Anxiety DisordersMajor Depressive Disorder (MDD)Bipolar DisorderDepressive DisordersPTSDKetamine

Acute psychoactive effects of intravenous ketamine during treatment of mood disorders: analysis of the Clinician Administered Dissociative State Scale

This study (n=110) examined the psychometric properties of the CADSS, the instrument most commonly used to assess the acute psychoactive effects of ketamine, and found that it only partially captured those effects.

Authors

  • Gerard Sanacora
  • Scott Wilkinson

Published

Journal of Affective Disorders
individual Study

Abstract

Introduction

Ketamine has rapid-acting antidepressant effects.
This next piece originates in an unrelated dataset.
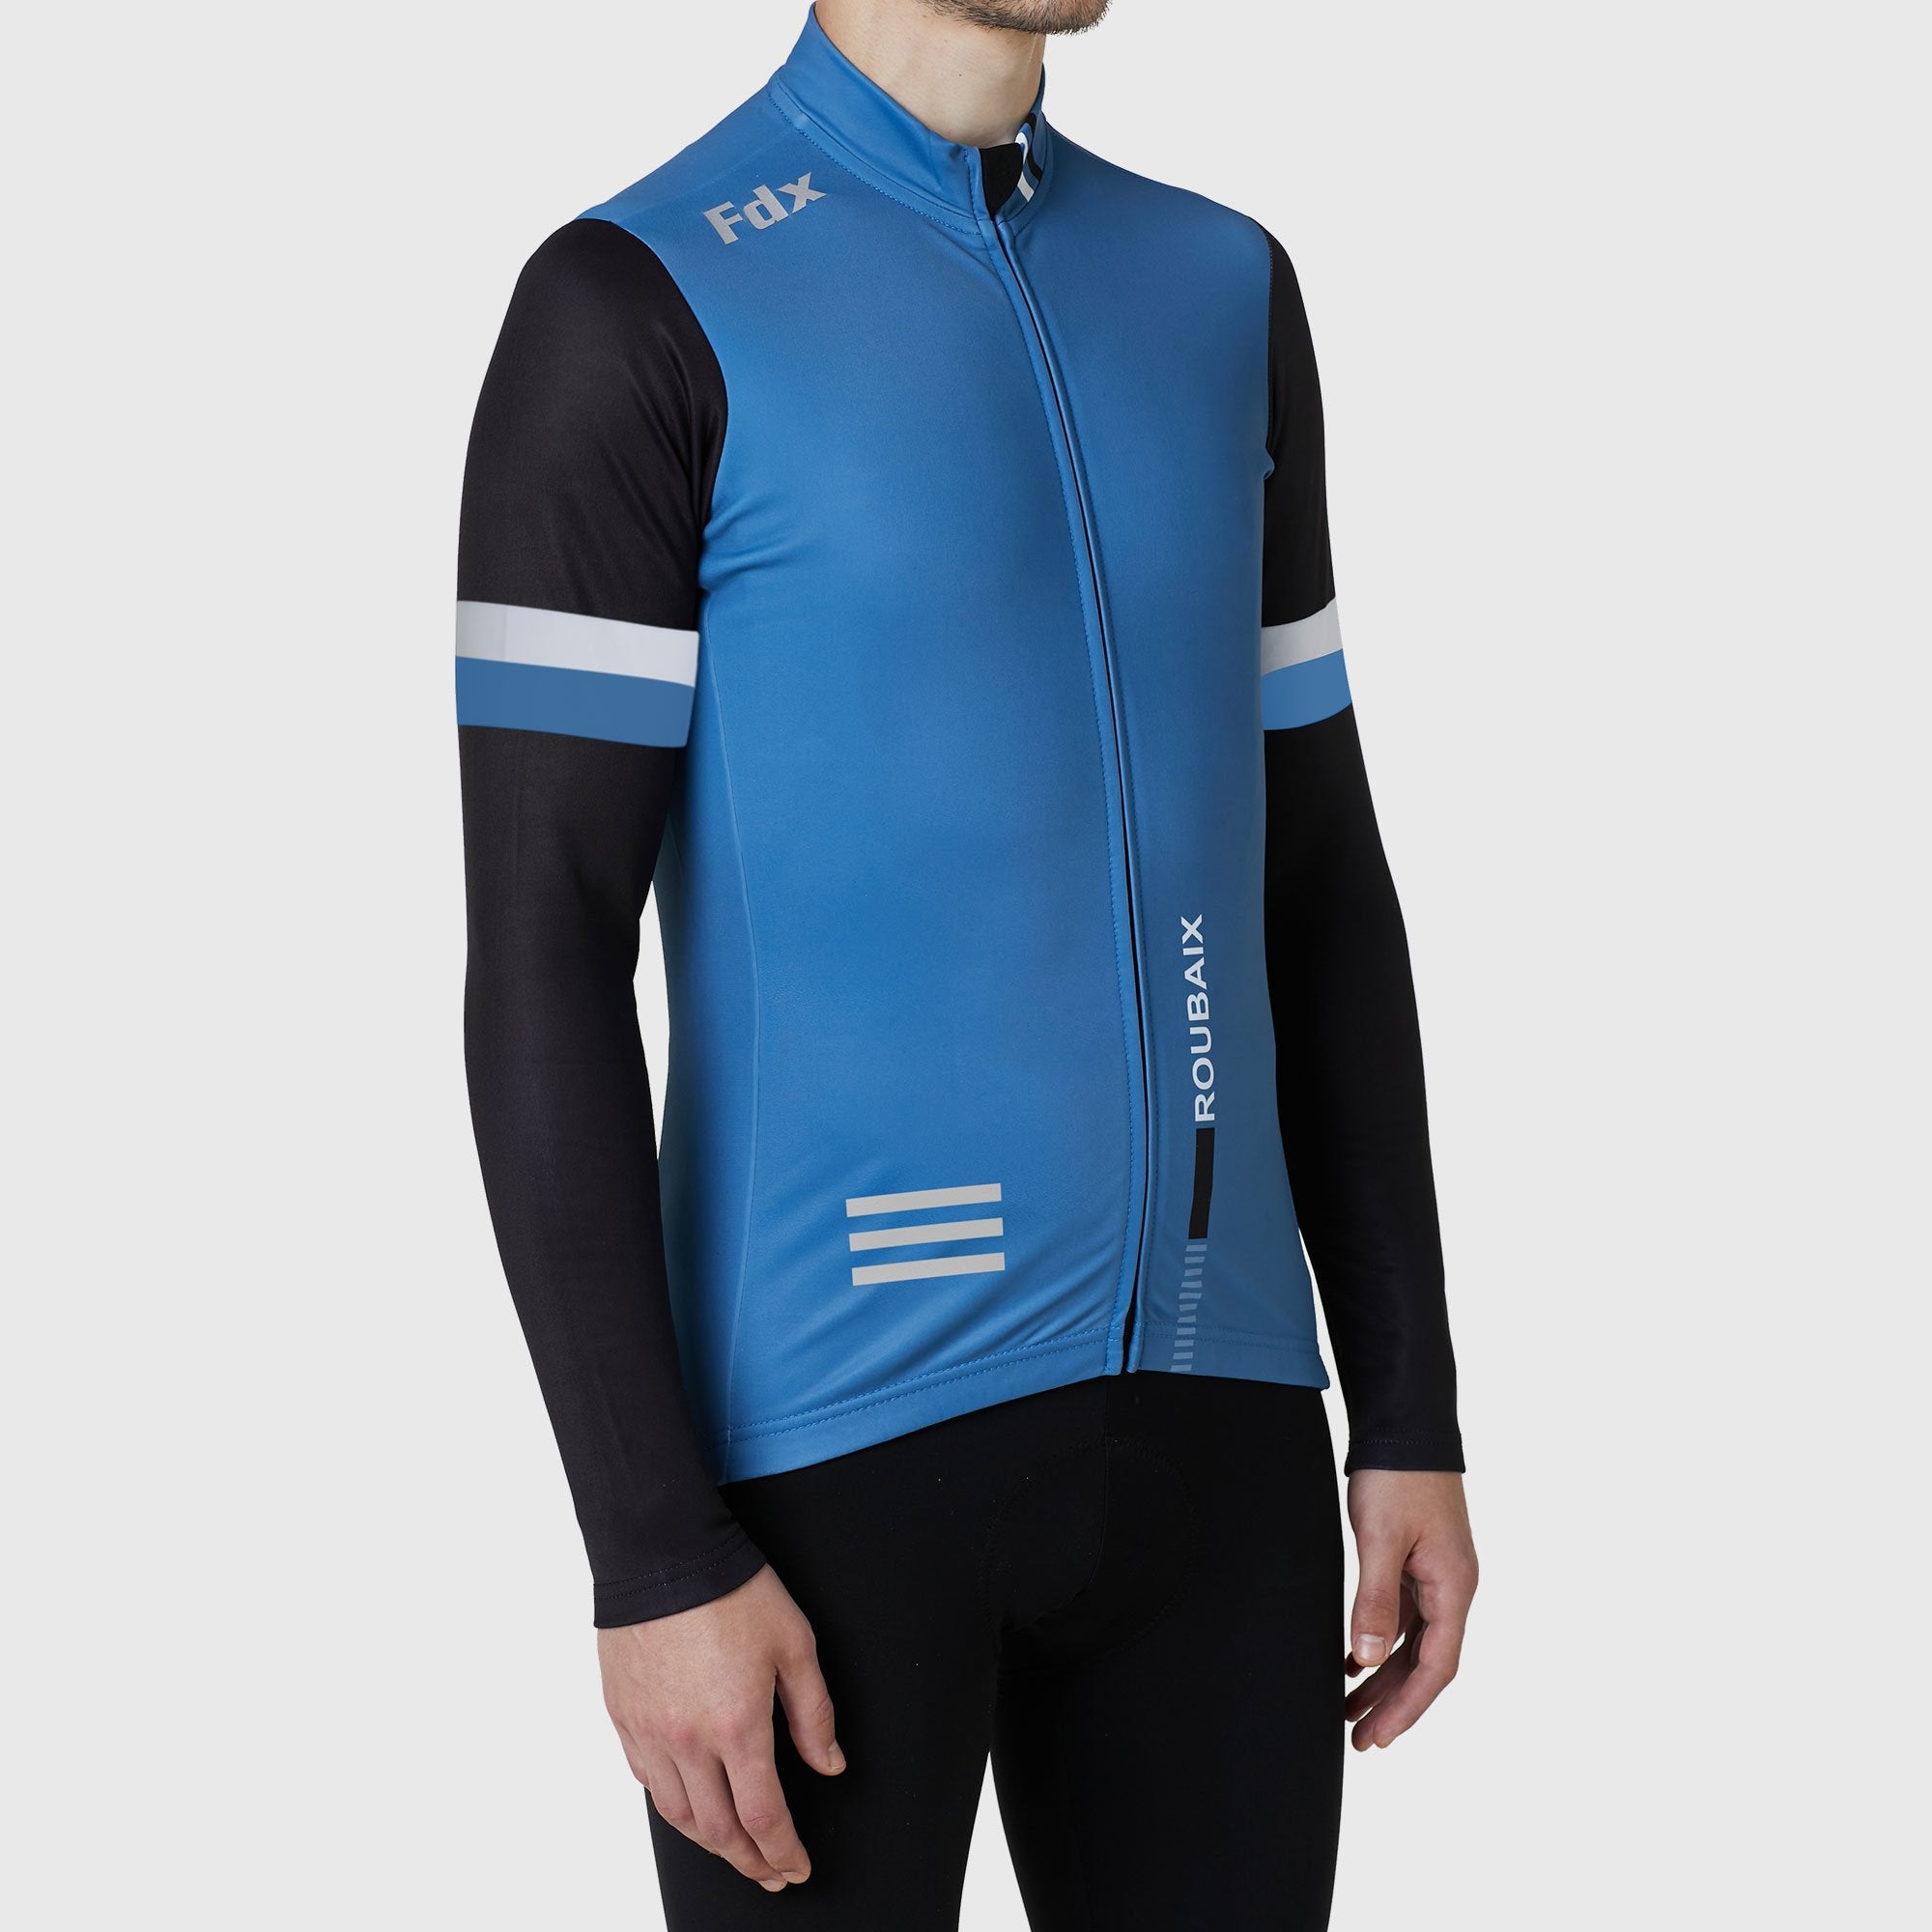 Fdx Limited Edition Blue Men's Long Sleeve Thermal Cycling Jersey | FDX  Sports® - FDX Sports US

Frequently, ketamine administration also causes acute psychoactive effects - in trials, these effects are commonly measured using the Clinician Administered Dissociative State Scale (CADSS). However, the CADSS was not designed for this specific purpose, having been validated in other clinical contexts, and anecdotally does not appear to fully capture ketamine's acute psychoactive effects.

Methods

Data were obtained from 110 individuals with mood disorders (predominantly major depressive disorder) who underwent intravenous ketamine infusion. An exploratory factor analysis (EFA) was performed on the CADSS, along with assessment of internal consistency. Qualitative methods were used to conduct in-depth interviews with a subset of these participants to identify key features of the acute ketamine experience, including aspects that may not be captured by the CADSS.

Results

The mean total score of the CADSS was low at 7.7 (SD 9.2). Analysis of internal consistency showed a Cronbach's alpha of 0.74. Five CADSS items had low correlations with the total score. EFA lead to a one-factor solution containing 16 items. Five of the six highest loading items involved perceptual disturbances, either of time or sensation. Qualitative analyses of 10 patient narratives revealed two phenomena not captured on the CADSS: disinhibition and a sense of peace.

Limitations

This study was by limited by the absence of other ratings of the participants’ experience.

Conclusion

Findings suggest that the CADSS partially captures the acute effects of ketamine administration. Further research may seek to validate a revised version of the CADSS that more accurately measures these effects.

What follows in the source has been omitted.